Он отпихнул Иру и сам скопировал несколько фрагментов.
— Чтобы я больше не видел копирования мышкой, ты поняла?!
Ира держалась изо всех сил, чтобы не зареветь, но слезы опять брызнули из глаз. Всеволод Николаевич, пожав плечами, скрылся в своем кабинете. Рабочий день подходил к концу.
Дома
Было уже почти 11 вечера, когда он, поужинав с приятелями в «Обломо-ве», приехал домой. Лабрадор Лорд, громко стуча когтями по паркету, вихрем вылетел навстречу. Ковригин присел на корточки и обхватил черную лобастую морду. Лорд радостно вилял хвостом и приседал на задних лапах, предлагая повозиться. Всеволод Николаевич ласково потрепал собаку по загривку и прошел в столовую. Домработница должна была прийти только утром, и Ковригин имел возможность заметить следы того, что происходило в доме до его прихода. Рюмка на столе была одна — значит, жена соблюдала его требование и никого не приглашала домой в его отсутствие. Он взял стоявшую на том же столе бутылку — коньяка в ней оставалось едва на донышке. «Опять, дрянь, напилась», — подумал он со злостью и допил коньяк прямо из бутылки.
Ковригин оглядел столовую: жены не было видно. Он пошел искать ее по дому. В спальне никого. Не было ее ни в бывшей детской, ни в кабинете. Всеволод Николаевич подошел к комнате охранников — оттуда раздавались голоса, из них один — явно пьяный — принадлежал его жене. Ковригин не стал сразу заходить, а немного постоял у двери, прислушиваясь.

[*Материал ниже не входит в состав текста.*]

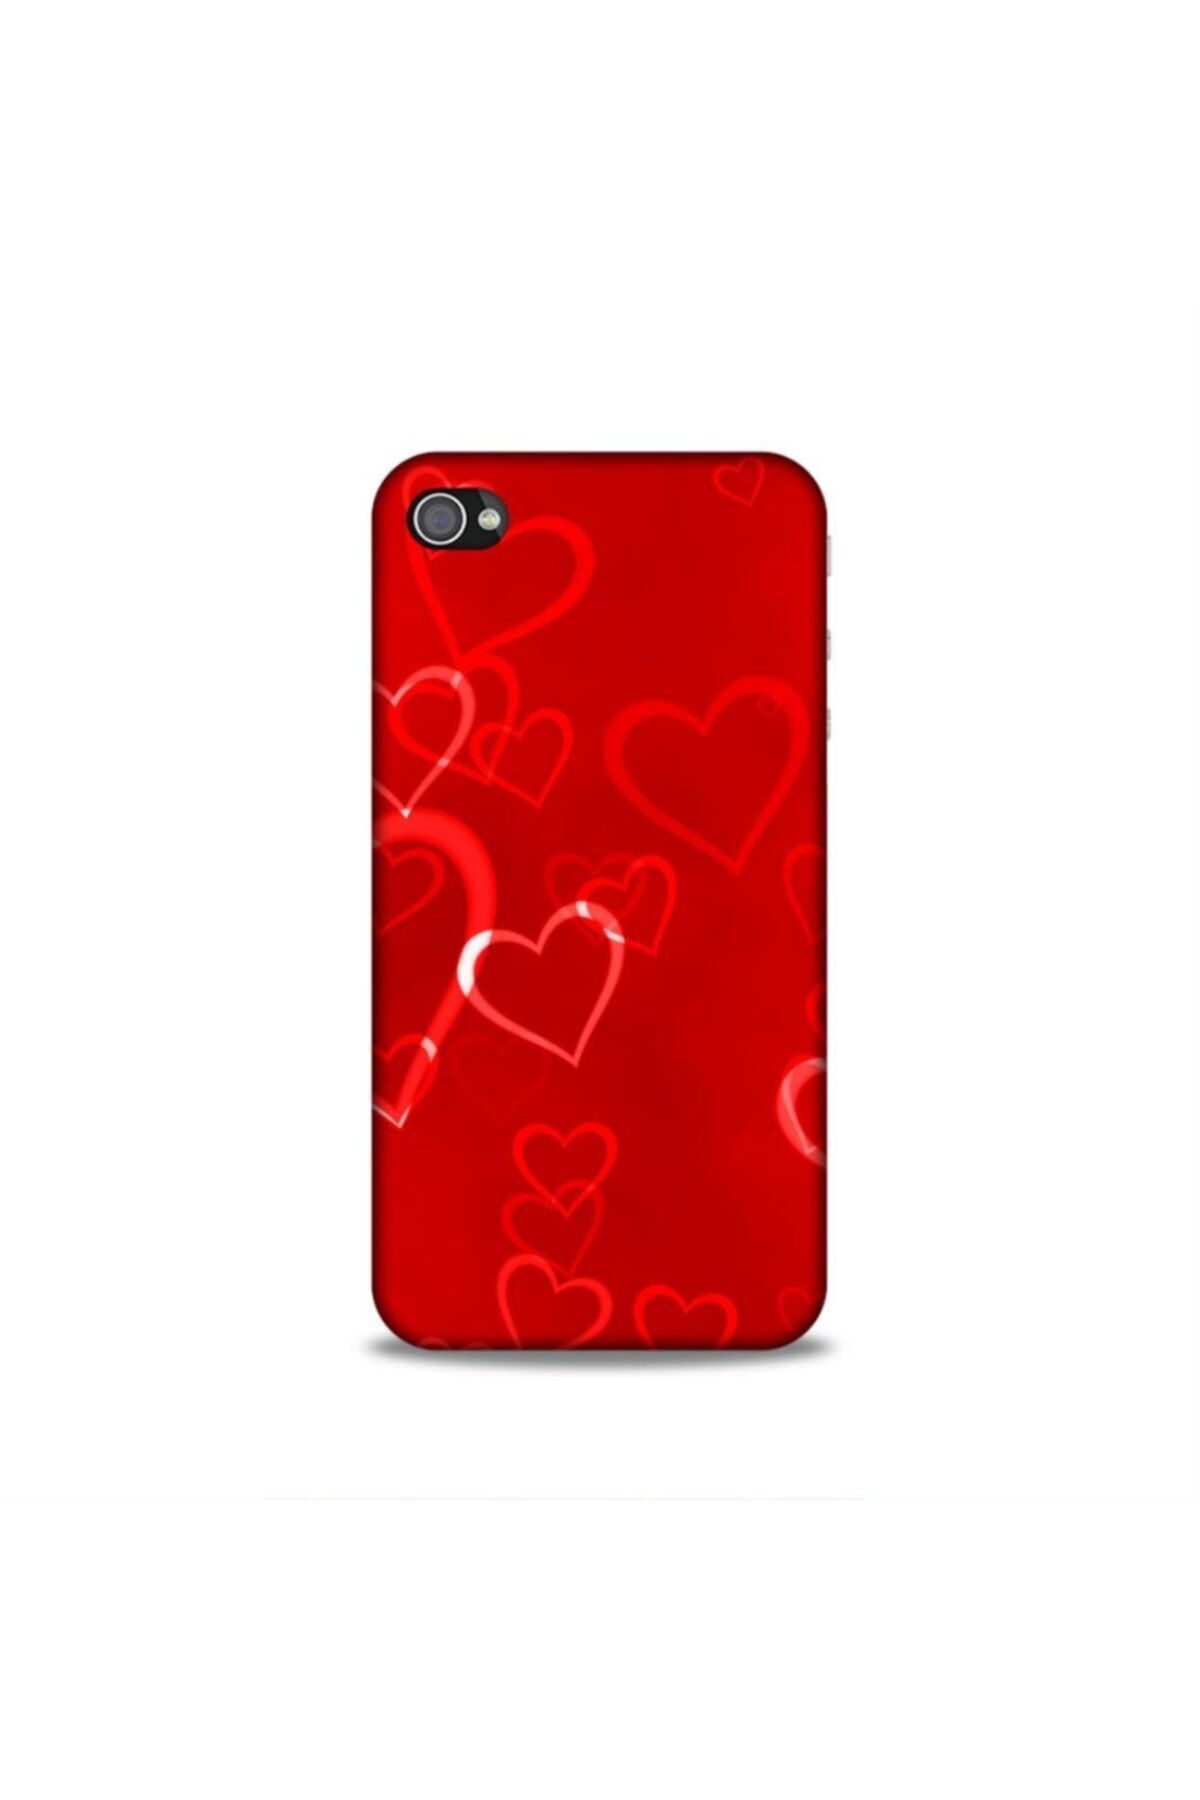 Pickcase Apple Iphone 4s Kılıf Desenli Arka Kapak Kırmızı Kalpler

— Он же никого не уважает! Он не способен уважать. И любить. Он всех людей ненавидит. Всех!
— Да ладно тебе, Люд, успокойся. — Визгливому голосу жены Всеволода Николаевича отвечал спокойный бас Сергея, одного из домашних охранников семьи Ковригиных.
— Вы его глаза видели? Злые, злые, всегда злые. И холодные. Мне страшно, когда он рядом. Он смотрит, а я боюсь, боюсь! Я боюсь его, даже когда его нет.
— Люда, шла бы ты. Всеволод Николаевич придет сейчас уже.
— Неет. Никуда я не пойду! Я сейчас тут лягу. Тут его нет. Тут тихо и спокойно. Так хорошо…
Ковригину надоело, он распахнул дверь. Людмила, его жена, полулежала в кресле, в руке у нее был фужер с янтарной жидкостью. Замолчав на полуслове, она широко распахнутыми голубыми глазами, в которых читался неприкрытый ужас, смотрела на Всеволода Николаевича.
— Пошли. — Он схватил ее за руку и потащил из комнаты. Дойдя до спальни, Ковригин словно тряпичную куклу толкнул жену на кровать. Она всхлипывала и бормотала что-то несвязное. Всеволод Николаевич захлопнул дверь в спальню и направился в комнату для гостей. Он всегда уходил ночевать туда, когда жена напивалась. В последние три года это происходило почти каждый день. Их сыну Олегу было семь, когда все началось.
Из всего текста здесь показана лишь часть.